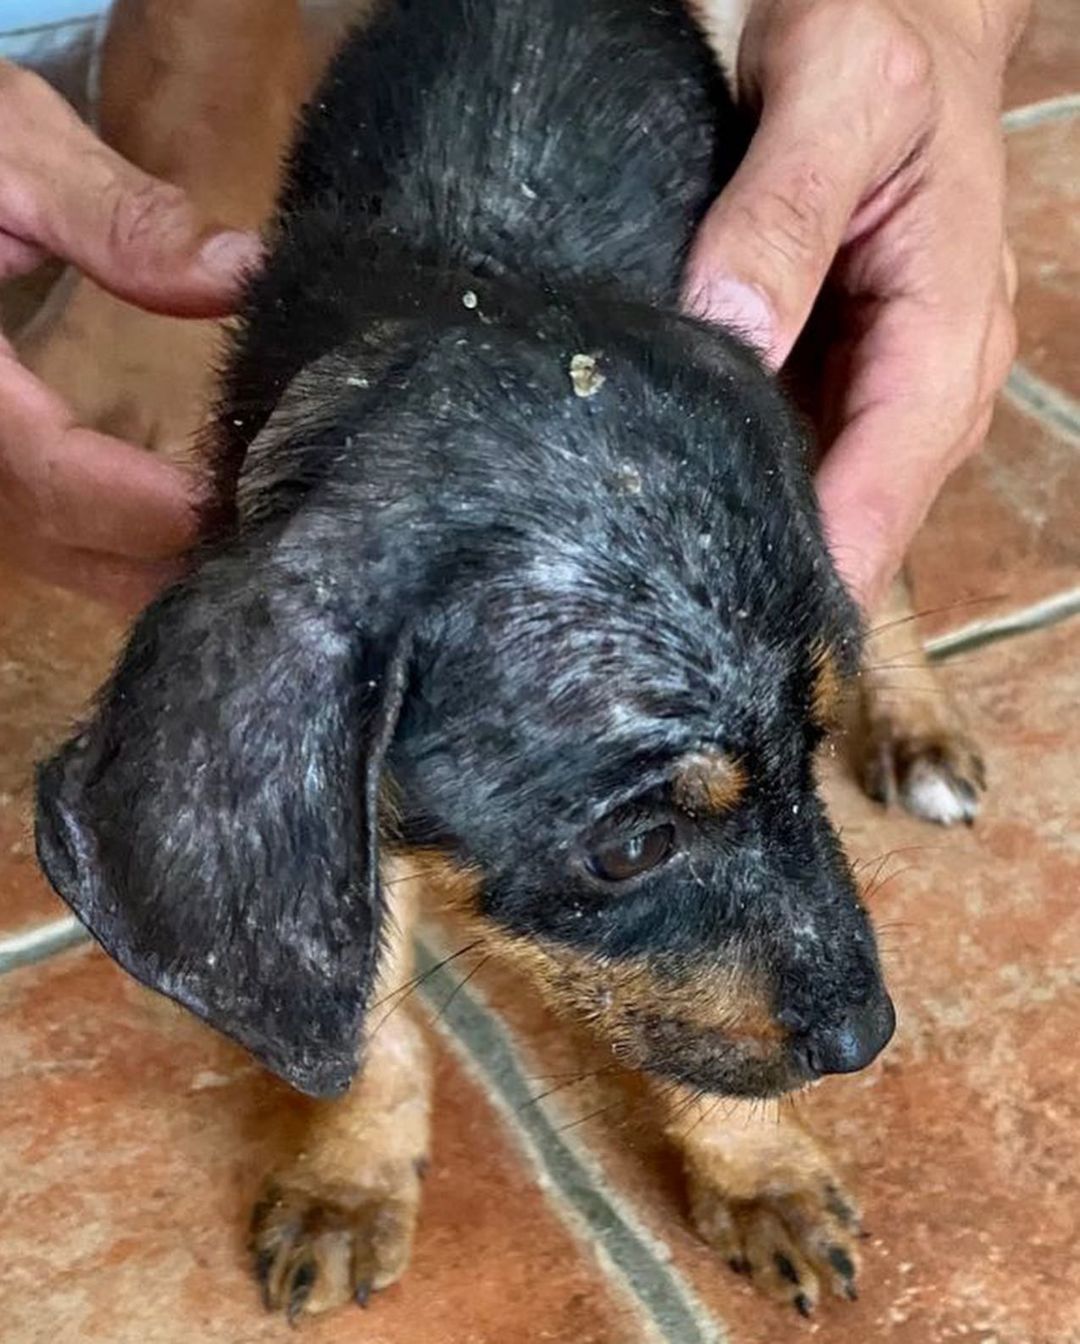 This is our latest rescue. 💔😭 We couldn’t say no. This litter of 5 puppies were dumped in the back of a restaurant (no mother in sight) and we were asked if we could take on the case. The look like dachshund mixes!

They have some serious mange which we are addressing. They have been having medical baths for it. 🛁 

We look forward to their recovery and getting them adopted into loving homes where they will be cherished as a member of the family. 

We would be so grateful for donations and shares to support their ongoing care! Thank you so much as usual!

Venmo: @miraclesforsatosrescue
PayPal: miraclesforsatosrescue@gmail.com
ATH: 787-210-0041

<a target='_blank' href='https://www.instagram.com/explore/tags/miraclesforsatosrescue/'>#miraclesforsatosrescue</a> <a target='_blank' href='https://www.instagram.com/explore/tags/dogrescue/'>#dogrescue</a> <a target='_blank' href='https://www.instagram.com/explore/tags/rescuedogsofinstagram/'>#rescuedogsofinstagram</a> <a target='_blank' href='https://www.instagram.com/explore/tags/puppyrescue/'>#puppyrescue</a> <a target='_blank' href='https://www.instagram.com/explore/tags/puppy/'>#puppy</a> <a target='_blank' href='https://www.instagram.com/explore/tags/abandonedpuppies/'>#abandonedpuppies</a> <a target='_blank' href='https://www.instagram.com/explore/tags/dogsofpuertorico/'>#dogsofpuertorico</a> <a target='_blank' href='https://www.instagram.com/explore/tags/puertorico/'>#puertorico</a> <a target='_blank' href='https://www.instagram.com/explore/tags/fundraiser/'>#fundraiser</a> <a target='_blank' href='https://www.instagram.com/explore/tags/donate/'>#donate</a> <a target='_blank' href='https://www.instagram.com/explore/tags/donateplease/'>#donateplease</a> <a target='_blank' href='https://www.instagram.com/explore/tags/pleasedonate/'>#pleasedonate</a> <a target='_blank' href='https://www.instagram.com/explore/tags/dachshundsofinstagram/'>#dachshundsofinstagram</a> <a target='_blank' href='https://www.instagram.com/explore/tags/chihuahuasofinstagram/'>#chihuahuasofinstagram</a>
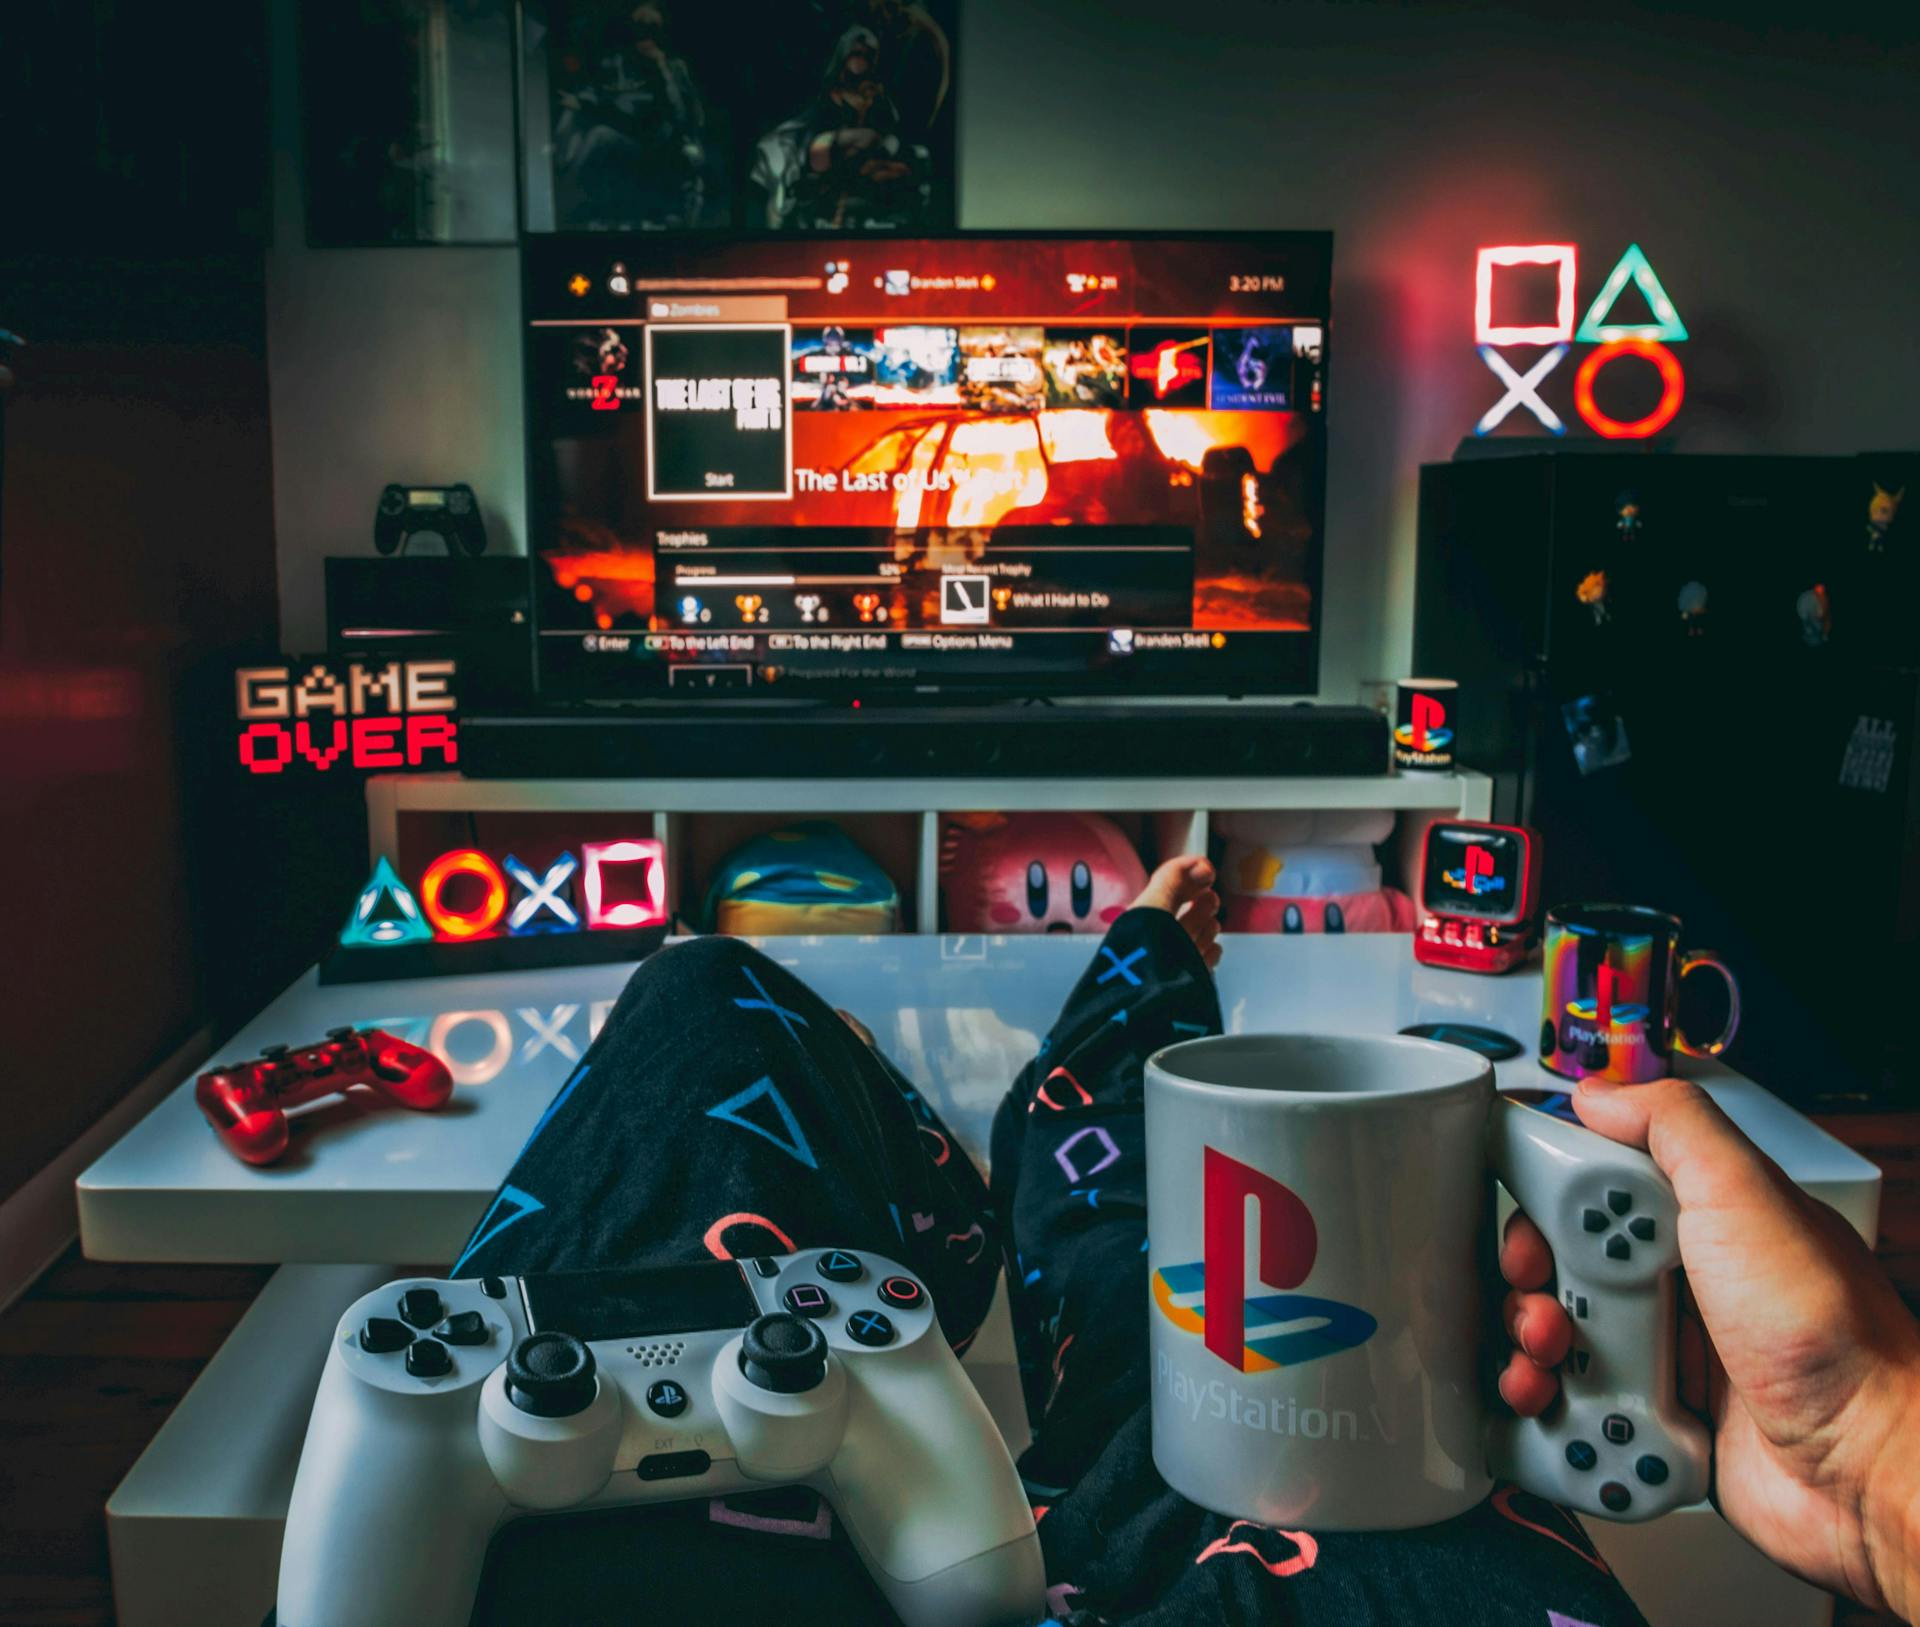 Brand ambassador playing playstation surrounded by playstation merchandise
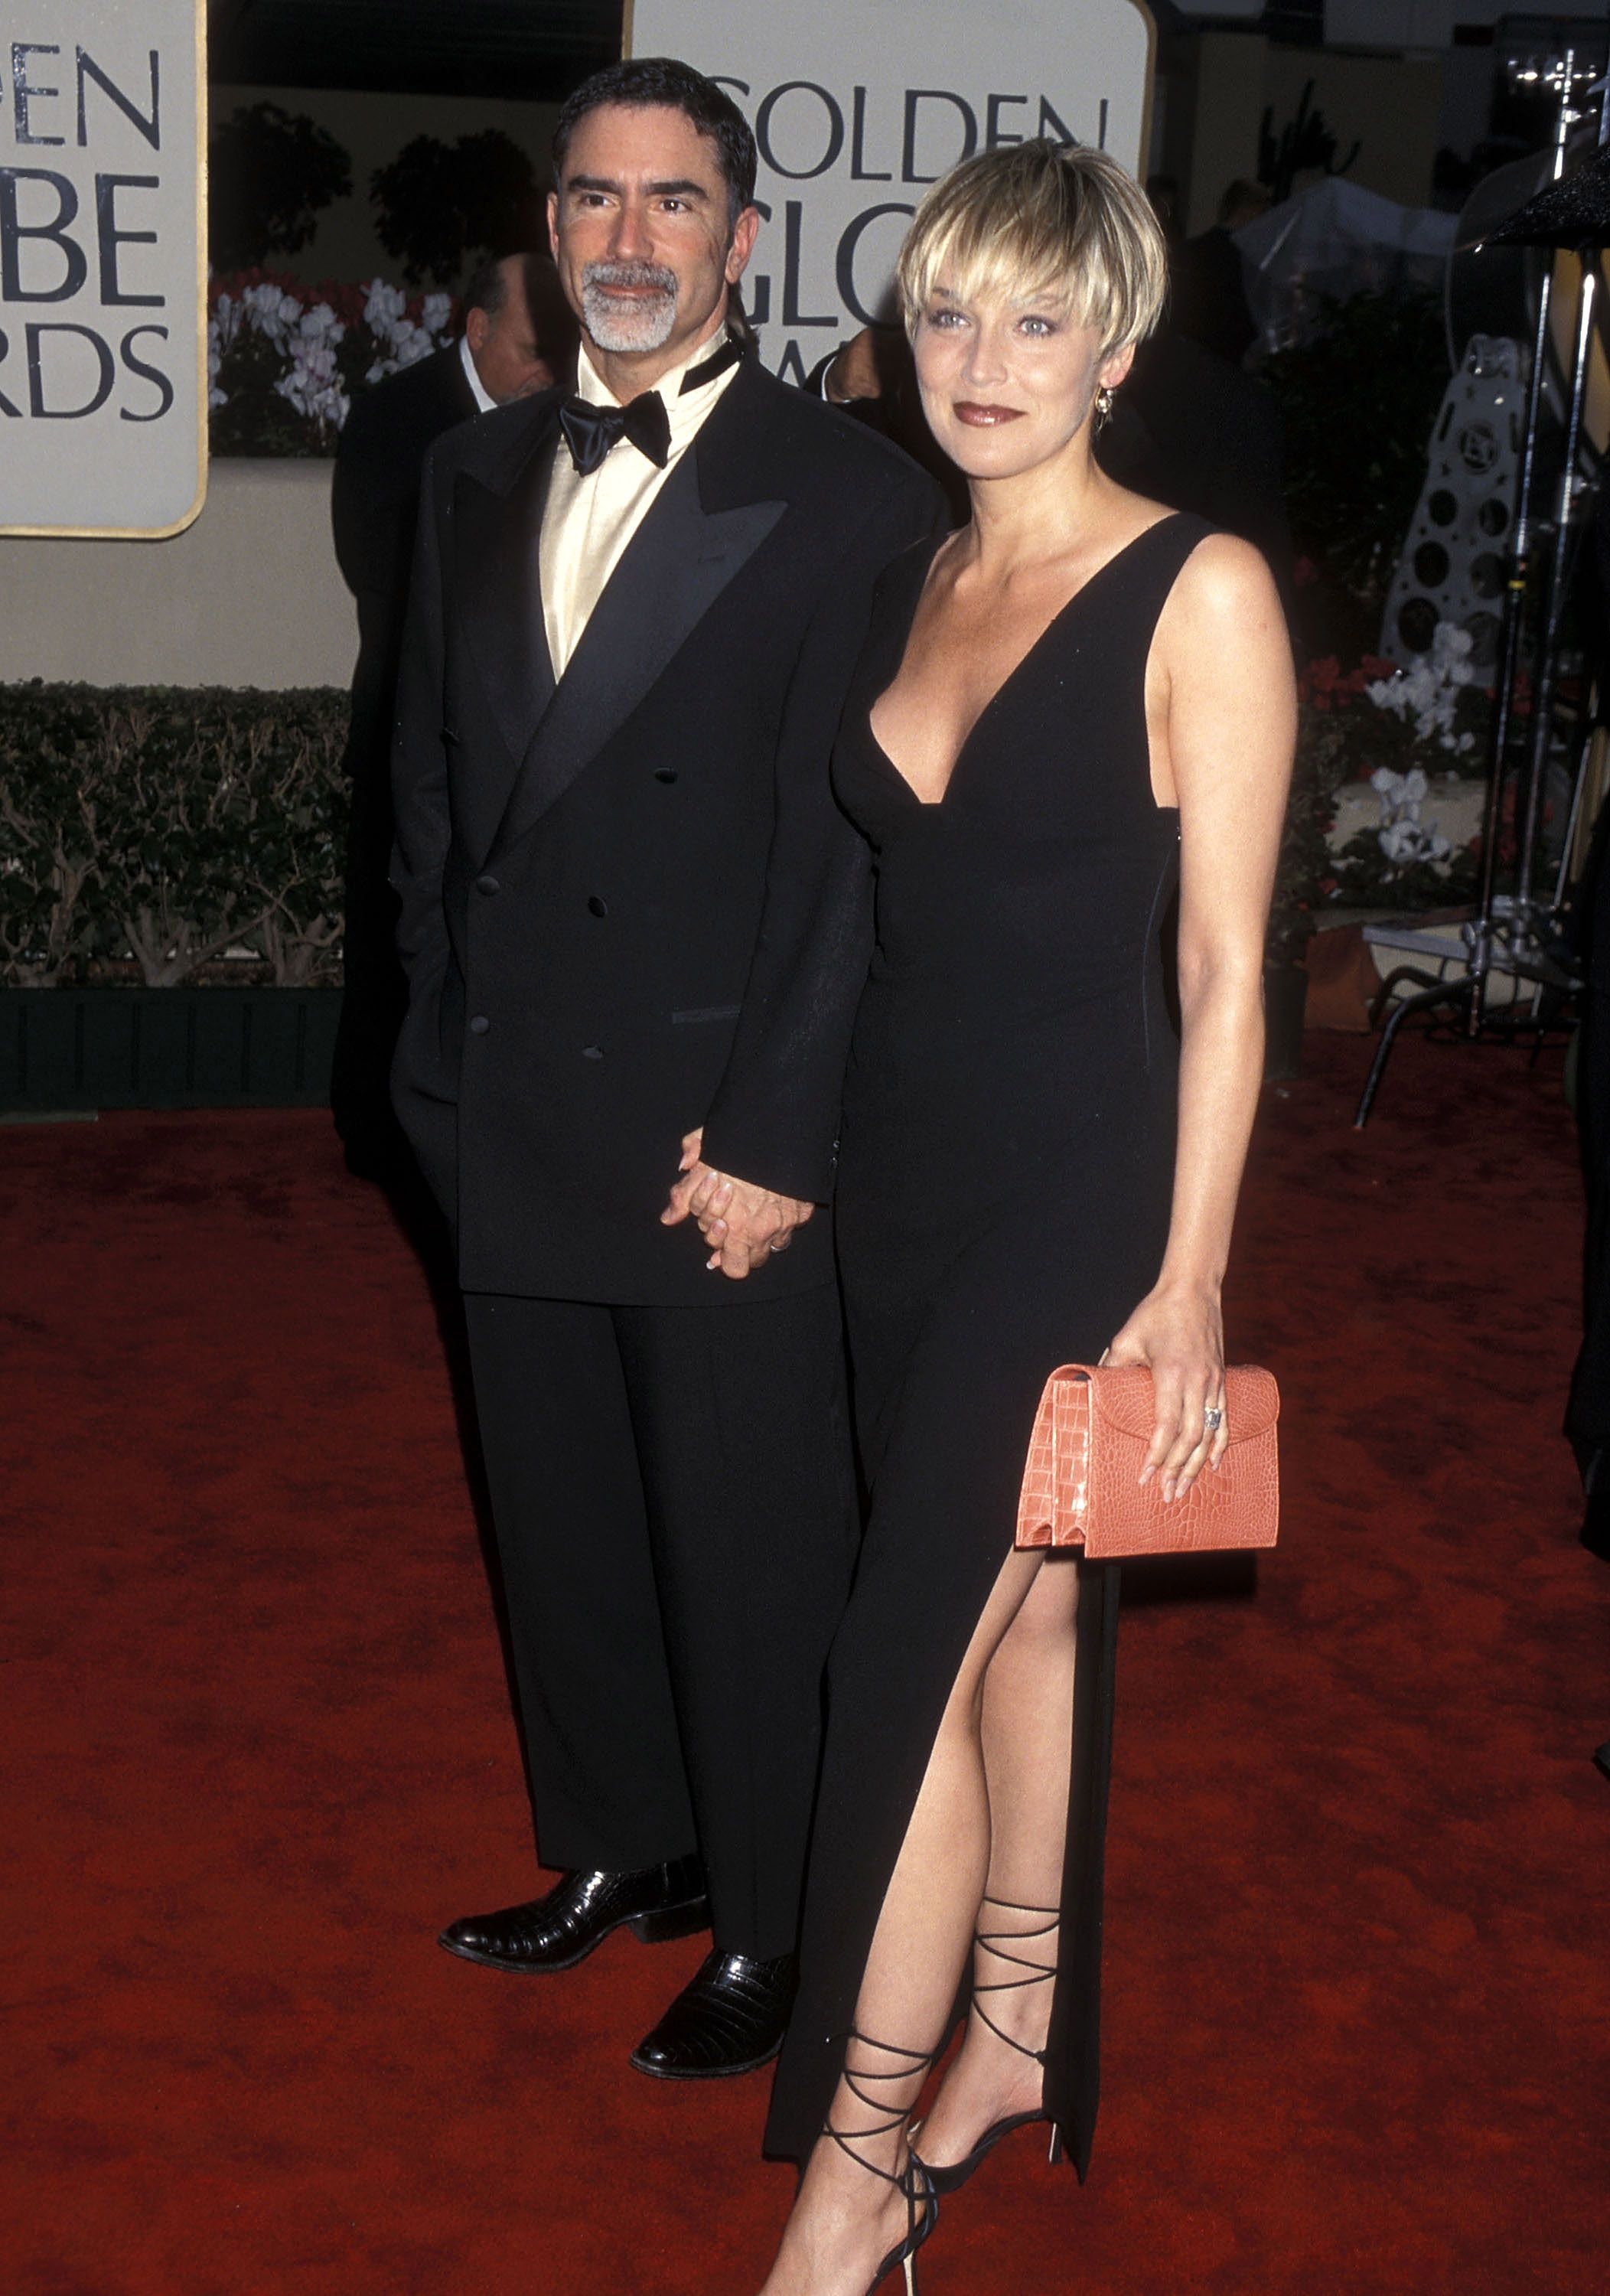 Sharon Stone and Phil Bronstein at the 57th Annual Golden Globe Awards in 2000 in Beverly Hills, California | Source: Getty Images

## Aim of the task
Write out the records word for word. Pictures stay out.

## Output
 This is our latest rescue. 💔😭 We couldn’t say no. This litter of 5 puppies were dumped in the back of a restaurant (no mother in sight) and we were asked if we could take on the case. The look like dachshund mixes!

They have some serious mange which we are addressing. They have been having medical baths for it. 🛁 

We look forward to their recovery and getting them adopted into loving homes where they will be cherished as a member of the family. 

We would be so grateful for donations and shares to support their ongoing care! Thank you so much as usual!

Venmo: @miraclesforsatosrescue
PayPal: miraclesforsatosrescue@gmail.com
ATH: 787-210-0041

<a target='_blank' href='https://www.instagram.com/explore/tags/miraclesforsatosrescue/'>#miraclesforsatosrescue</a> <a target='_blank' href='https://www.instagram.com/explore/tags/dogrescue/'>#dogrescue</a> <a target='_blank' href='https://www.instagram.com/explore/tags/rescuedogsofinstagram/'>#rescuedogsofinstagram</a> <a target='_blank' href='https://www.instagram.com/explore/tags/puppyrescue/'>#puppyrescue</a> <a target='_blank' href='https://www.instagram.com/explore/tags/puppy/'>#puppy</a> <a target='_blank' href='https://www.instagram.com/explore/tags/abandonedpuppies/'>#abandonedpuppies</a> <a target='_blank' href='https://www.instagram.com/explore/tags/dogsofpuertorico/'>#dogsofpuertorico</a> <a target='_blank' href='https://www.instagram.com/explore/tags/puertorico/'>#puertorico</a> <a target='_blank' href='https://www.instagram.com/explore/tags/fundraiser/'>#fundraiser</a> <a target='_blank' href='https://www.instagram.com/explore/tags/donate/'>#donate</a> <a target='_blank' href='https://www.instagram.com/explore/tags/donateplease/'>#donateplease</a> <a target='_blank' href='https://www.instagram.com/explore/tags/pleasedonate/'>#pleasedonate</a> <a target='_blank' href='https://www.instagram.com/explore/tags/dachshundsofinstagram/'>#dachshundsofinstagram</a> <a target='_blank' href='https://www.instagram.com/explore/tags/chihuahuasofinstagram/'>#chihuahuasofinstagram</a>
 Brand ambassador playing playstation surrounded by playstation merchandise
 Sharon Stone and Phil Bronstein at the 57th Annual Golden Globe Awards in 2000 in Beverly Hills, California | Source: Getty Images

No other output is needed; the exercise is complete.